*DATA BELOW*:

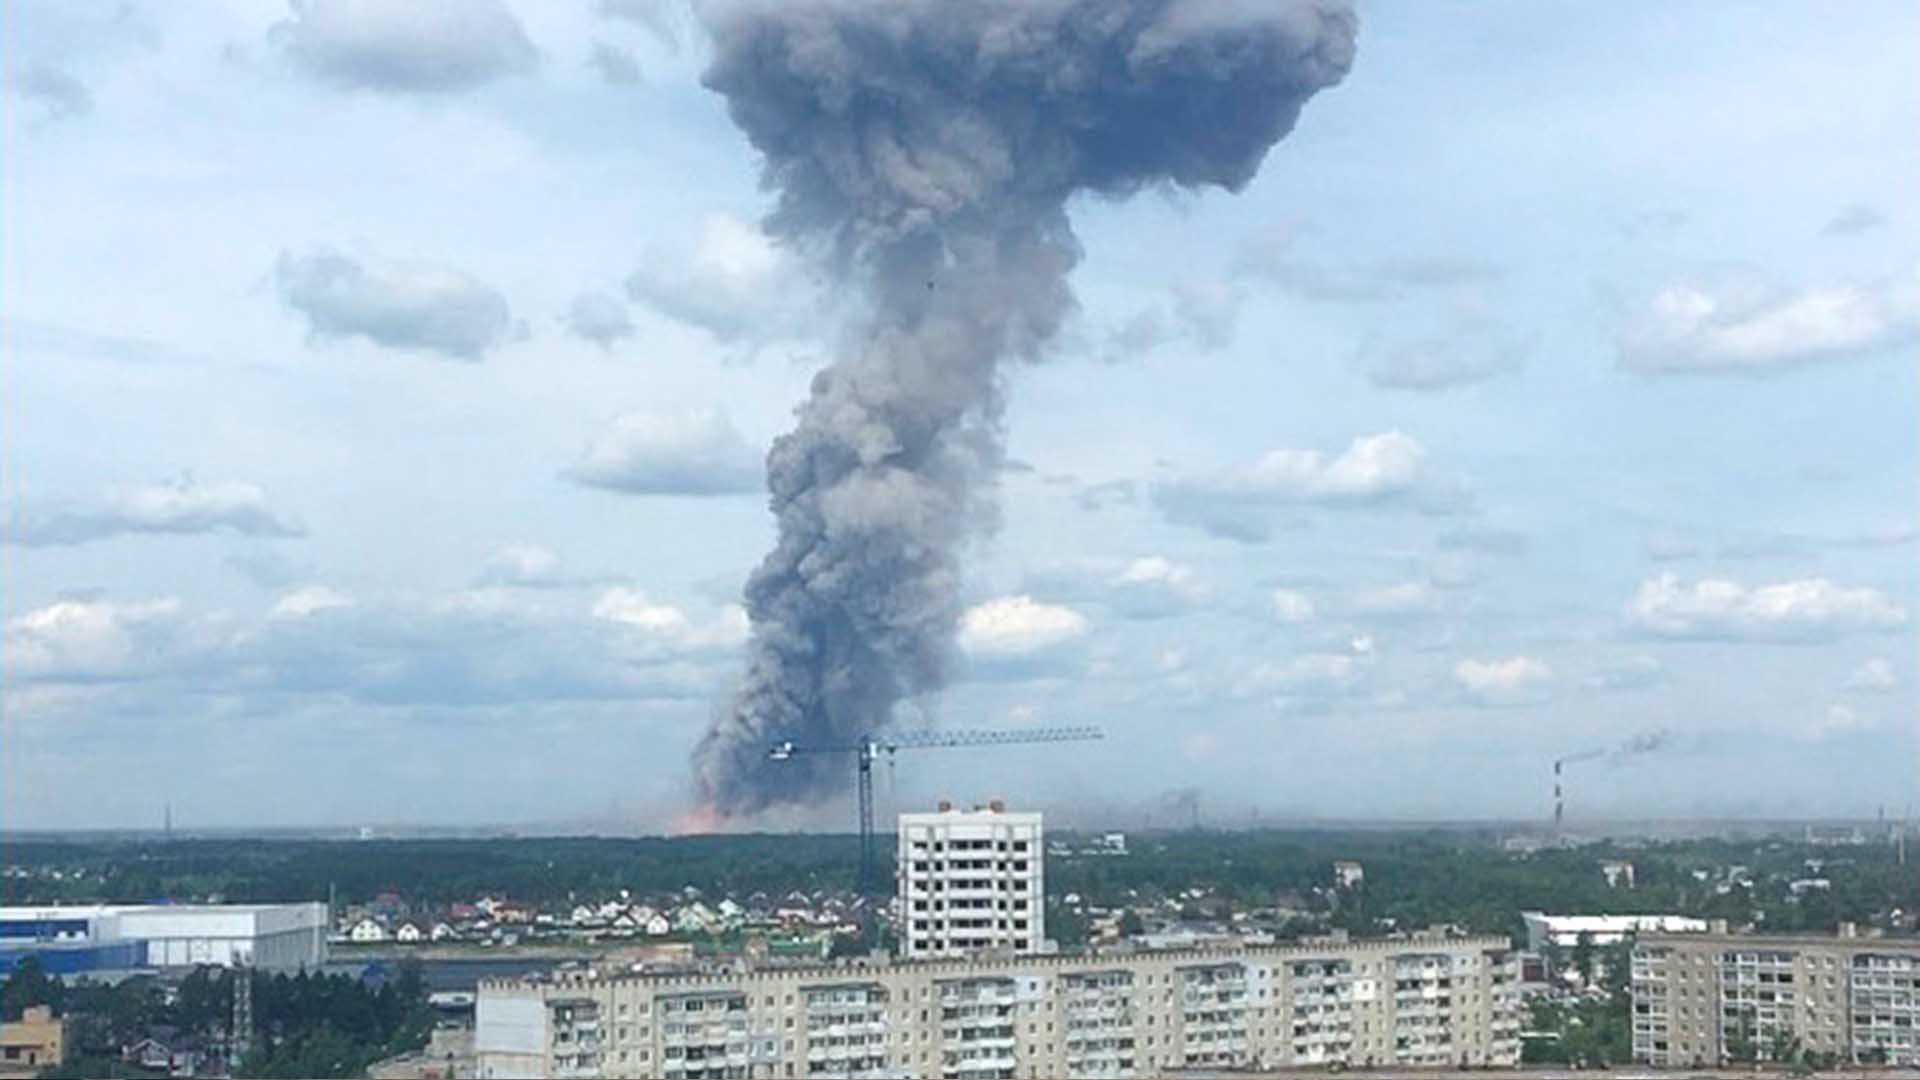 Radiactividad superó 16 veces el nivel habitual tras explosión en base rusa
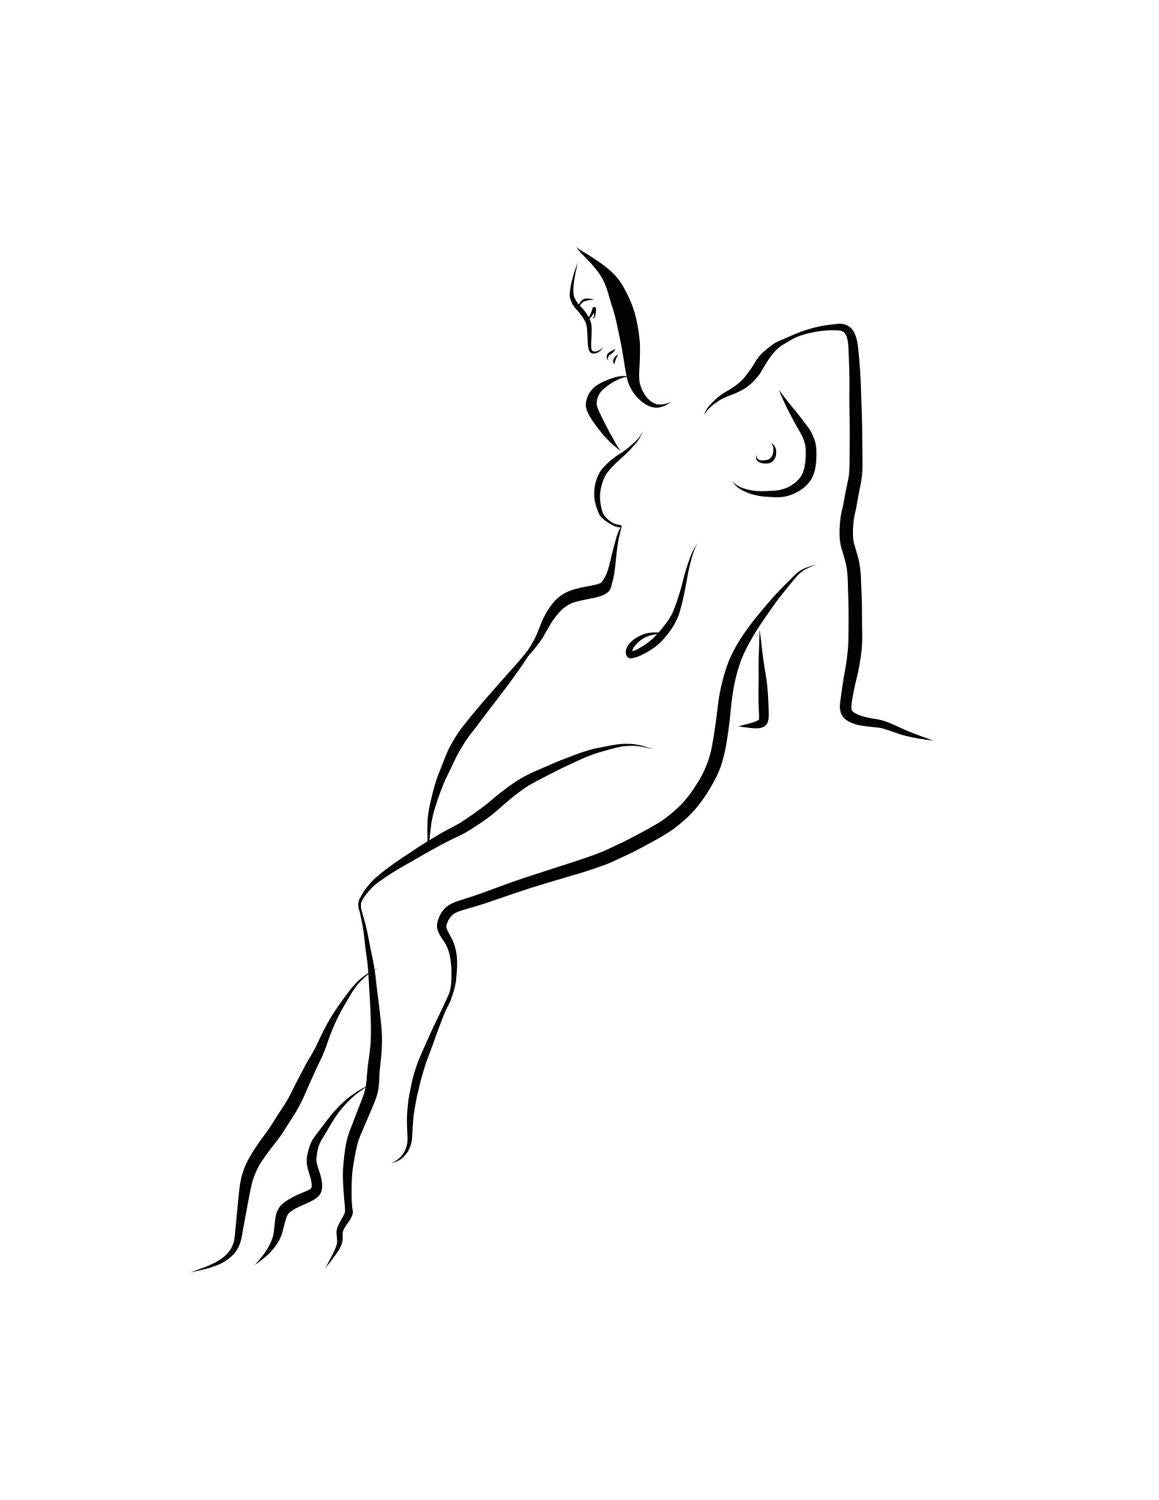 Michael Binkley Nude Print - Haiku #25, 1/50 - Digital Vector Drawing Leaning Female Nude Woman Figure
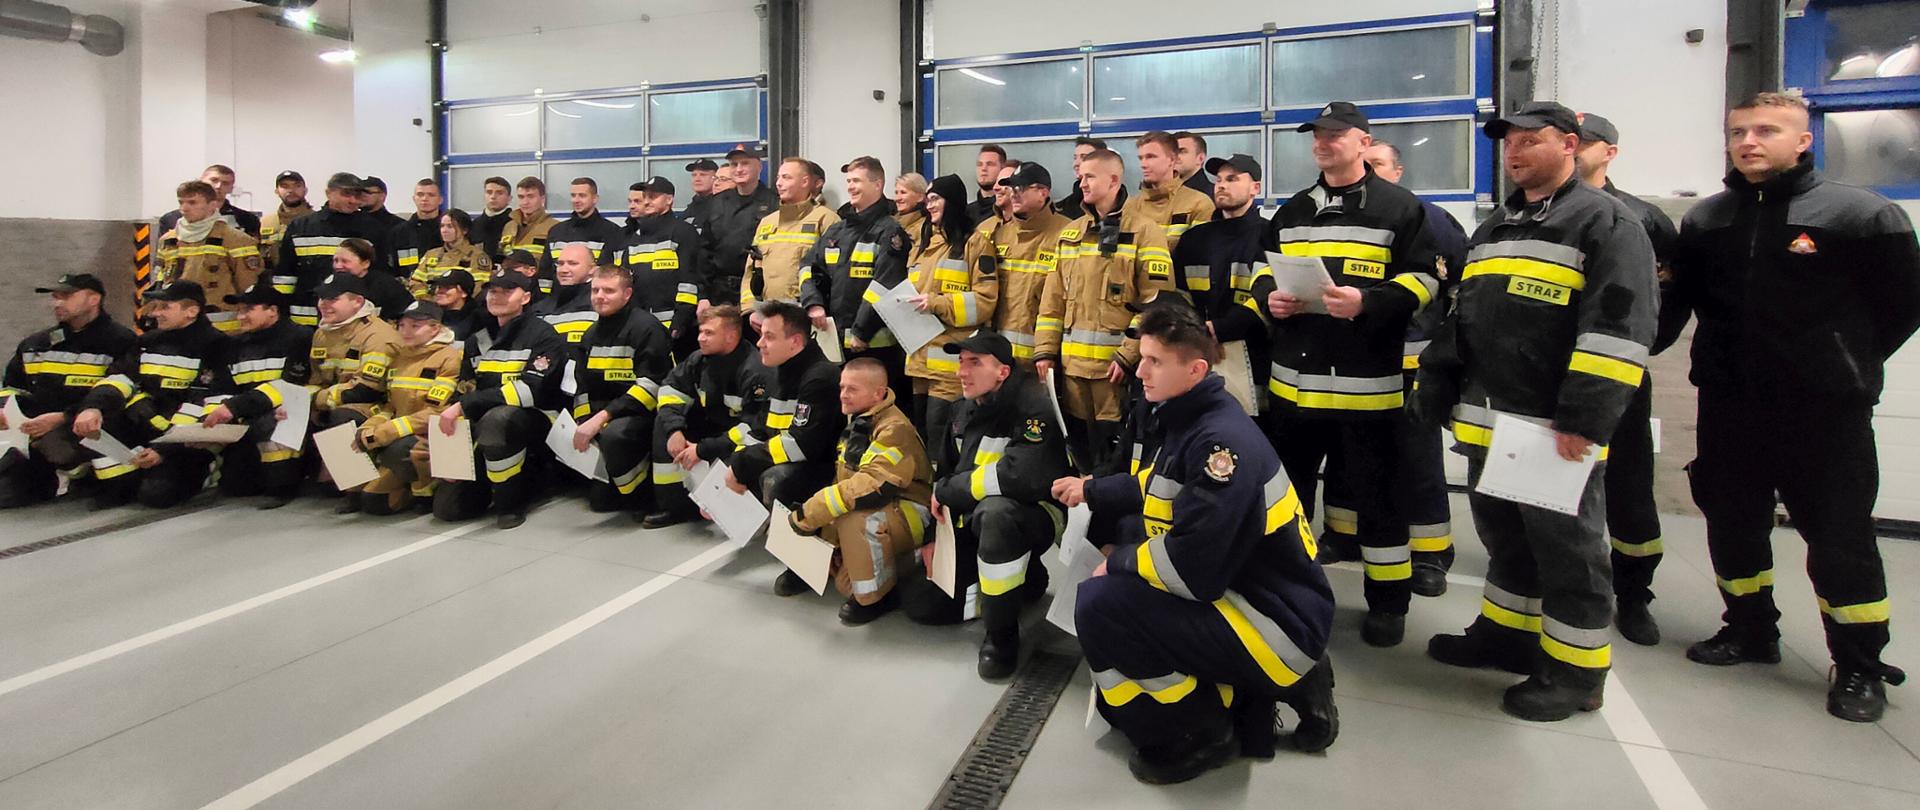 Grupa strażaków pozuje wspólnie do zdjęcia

*WHAT IS NEEDED*:
Beginning with the line that contains "Michael Binkley Nude", write out the remaining lines of the listing above through the last, exactly and only those, without pictures.

*SOLUTION FOR THIS PROBLEM*:
 Michael Binkley Nude Print - Haiku #25, 1/50 - Digital Vector Drawing Leaning Female Nude Woman Figure
 Grupa strażaków pozuje wspólnie do zdjęcia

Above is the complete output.